Betch of the Week: Rihanna

Disturbia. Only Betch In The World. Umbrella. SOS. Who's That Chick. Please Don't Stop the Music. So Hard. Run This Town. Cheers. What's My Name? (Rihanna, fucking duh). Rude Boy. Breaking Dishes. (anyone?)

fatal attraction

If you're a true betch, most of these songs were “omg my favoriteeee song” at some point. This is especially true for her new #58 house collaboration with Calvin Harris 'We Found Love,' a song that inspires betches everywhere to drop everything they were just doing (peeing, texting furiously in a corner, vomming) to run to the dance floor and scream at the top of their lungs to their besties OMGAAAHH THIS IS OUR JAM. For this reason, this week's betch of the week is none other than Rihanna.

Rihanna's amazing because she's only 23 but might be the biggest betch in the music industry. Along with her unreal songs, some of her betchy achievements include: Esquire naming her the sexiest woman alive this month, having a holiday named “Rihanna Day” in Barbados to celebrate her (though we have one too, it's called #26 Spring Break), and since she's flawlessly gorg she looks great no matter how insane her hair looks. And she wears outrageous outfits but she doesn't even have to hide her face and body like jealous fugly betch, Lady Gaga.

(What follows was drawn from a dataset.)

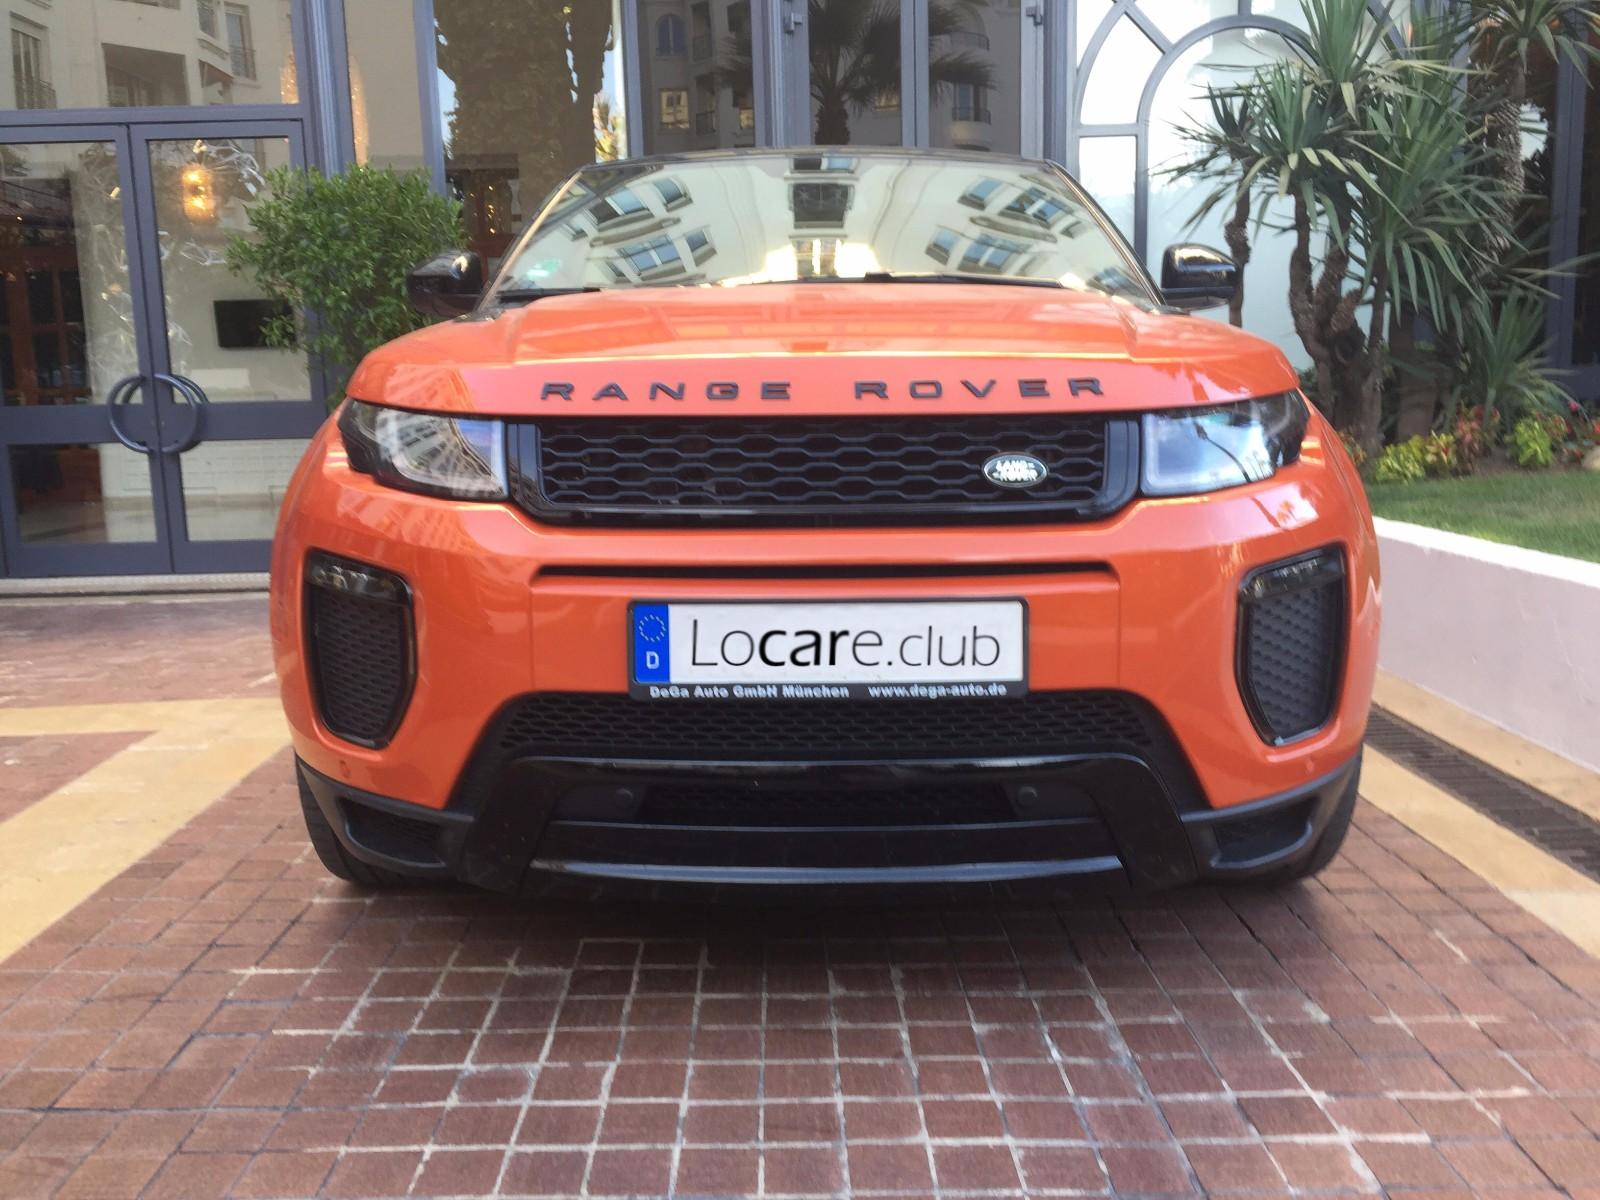 rent a land rover range rover evoque cabrio in nice cannes monaco by luxury car. Black Bedroom Furniture Sets. Home Design Ideas

On top of also having her own company that she probs doesn't do any #36 work for, she also has a shrine to her fav musical influence stoner betch Bob Marley in her house. And like any #24 insensitive betch who wants to seem down to earth, Rihanna is a Cartier Love Bracelet Charity Ambassador. Obvs she's part of the betchiest charity possible.

Only Rihanna could get away with getting the shit beaten out of her and then writing a song about how much she loves to get the shit beaten out of her. Betch is so ironic.

We also love her profound lyrics like “got my Raybans on and I'm feeling hella cool tonight, yeah.” Samsies, Ri Ri.

So betches, in honor of Rihanna's latest album Talk That Talk, do what the betch says and #1 talk that talk. In her own words, “got my middle finger up – I don't really give a fuck.” Betch may be bad but she's perfectly good at it.